Pictures are not part of the copy; reproduce the remaining data exactly.

- **Input data**
******************************

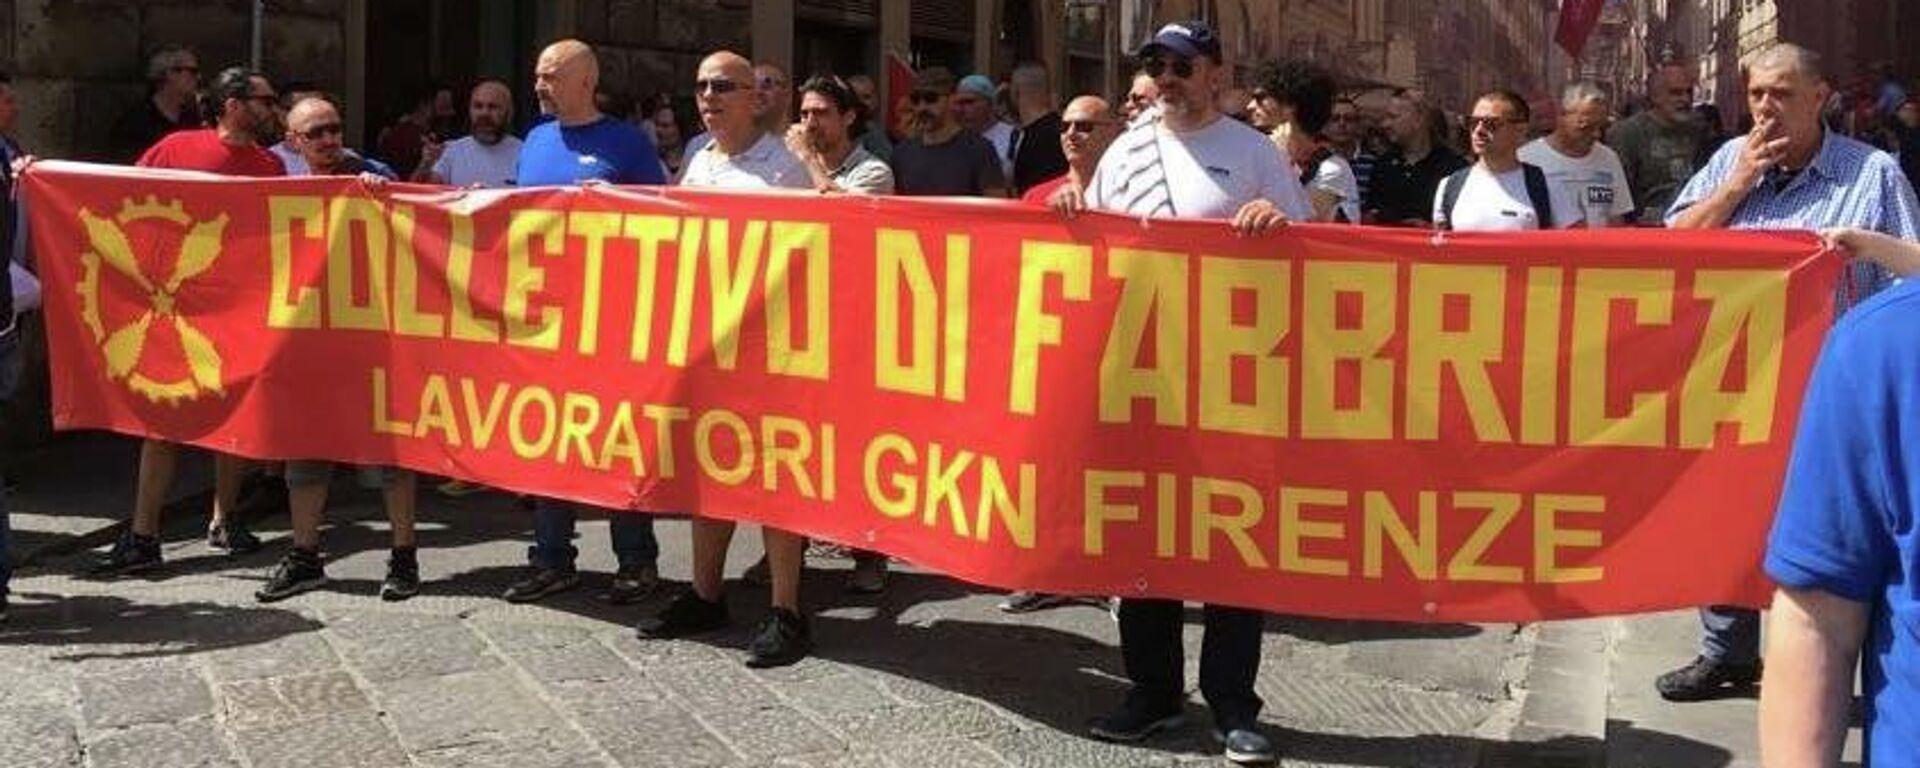 Lavoratori Gkn Firenze - Sputnik Italia, 1920, 14.07.2021
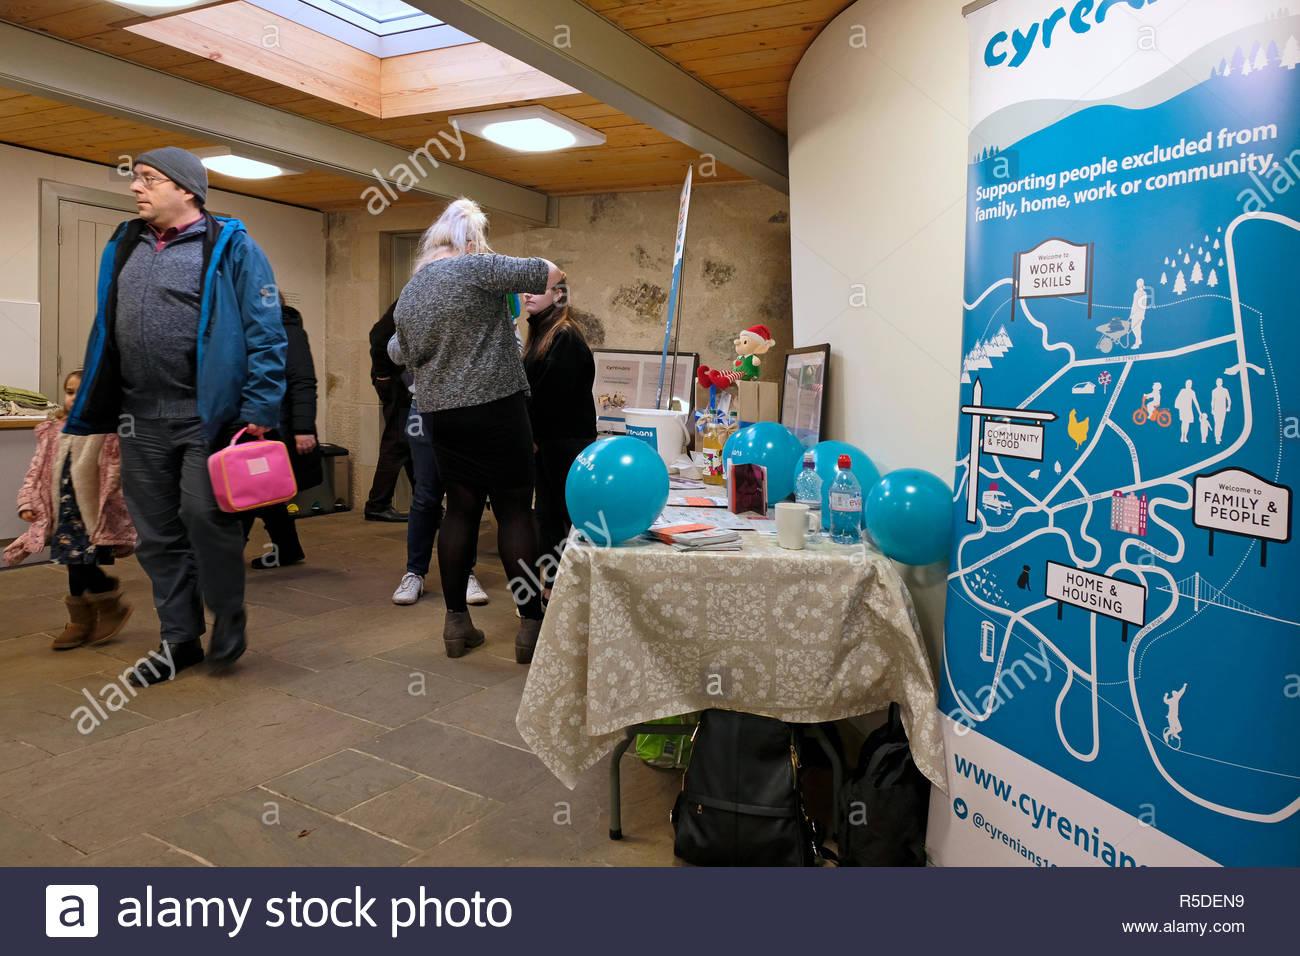 Edinburgh, Scotland, United Kingdom. 1st December,  2018.  St. Andrew Fair Event at the Botanic Cottage, Royal Botanic Garden, raising money for the Cyrenians charity helping the homeless.   Credit: Craig Brown/Alamy Live News. Stock Photo
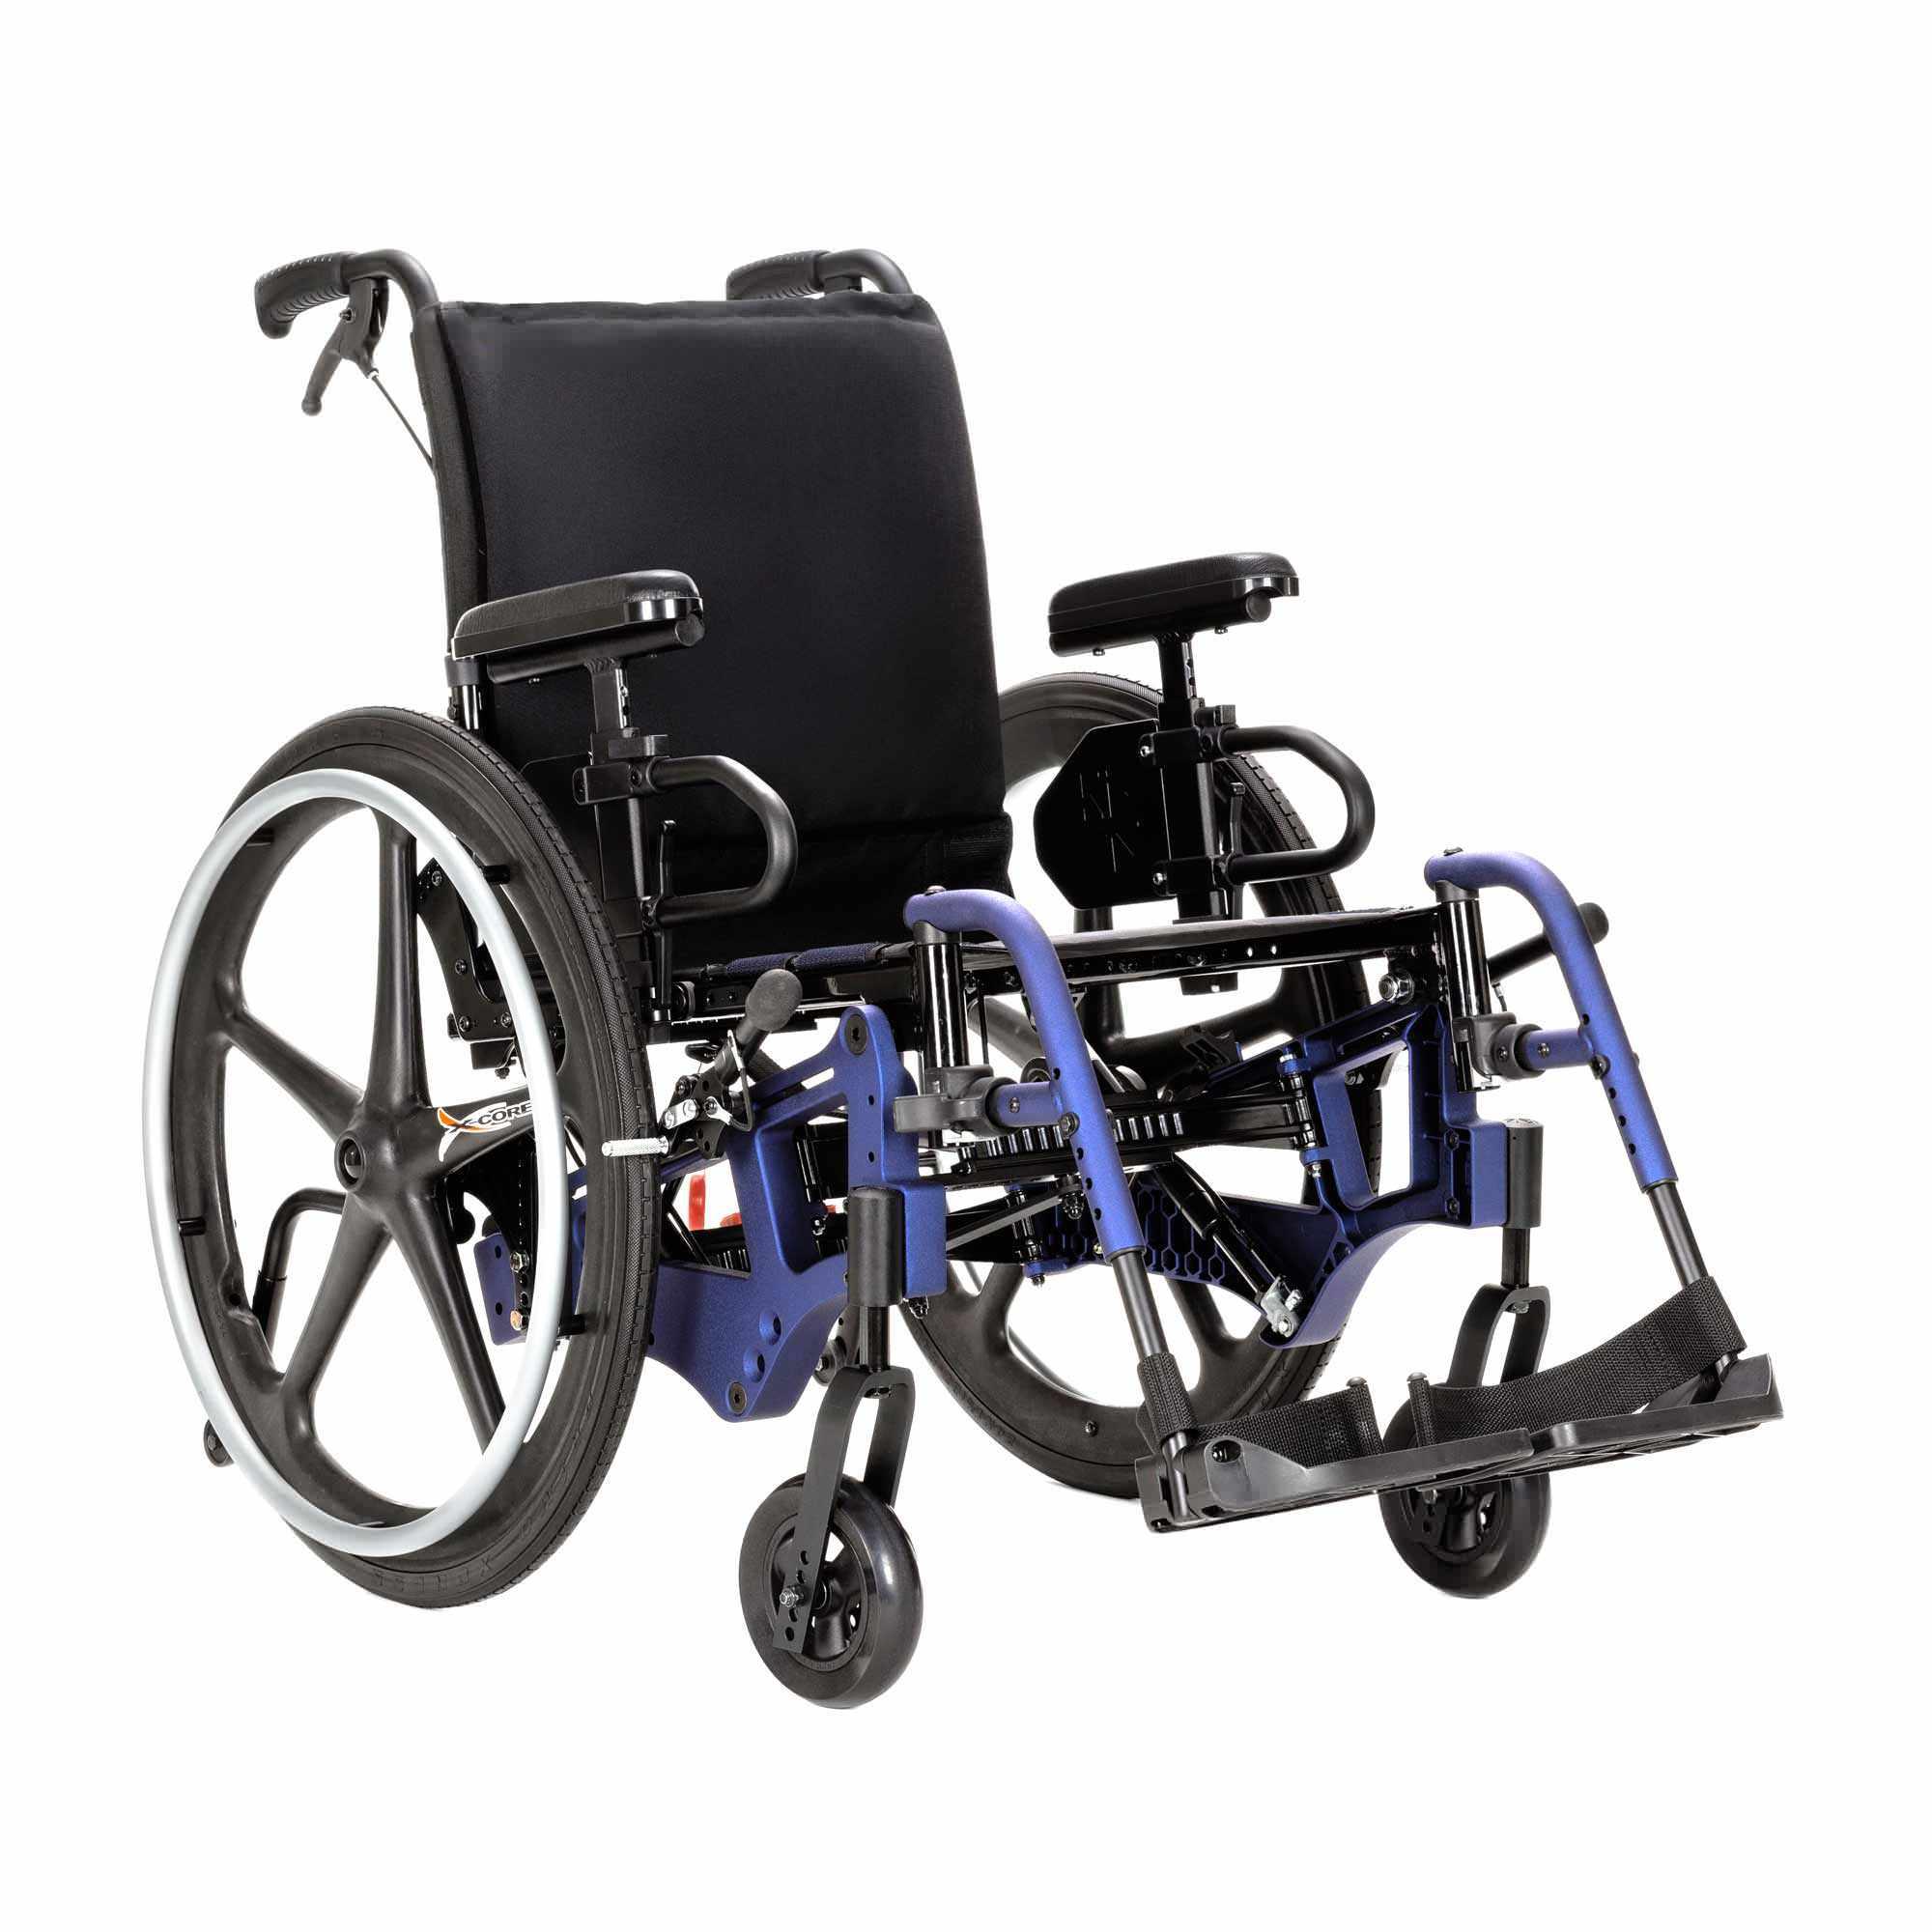 Ki mobility Liberty FT tilt wheelchair - Quickship

******************************

- **Finished task**
 Lavoratori Gkn Firenze - Sputnik Italia, 1920, 14.07.2021
 Edinburgh, Scotland, United Kingdom. 1st December,  2018.  St. Andrew Fair Event at the Botanic Cottage, Royal Botanic Garden, raising money for the Cyrenians charity helping the homeless.   Credit: Craig Brown/Alamy Live News. Stock Photo
 Ki mobility Liberty FT tilt wheelchair - Quickship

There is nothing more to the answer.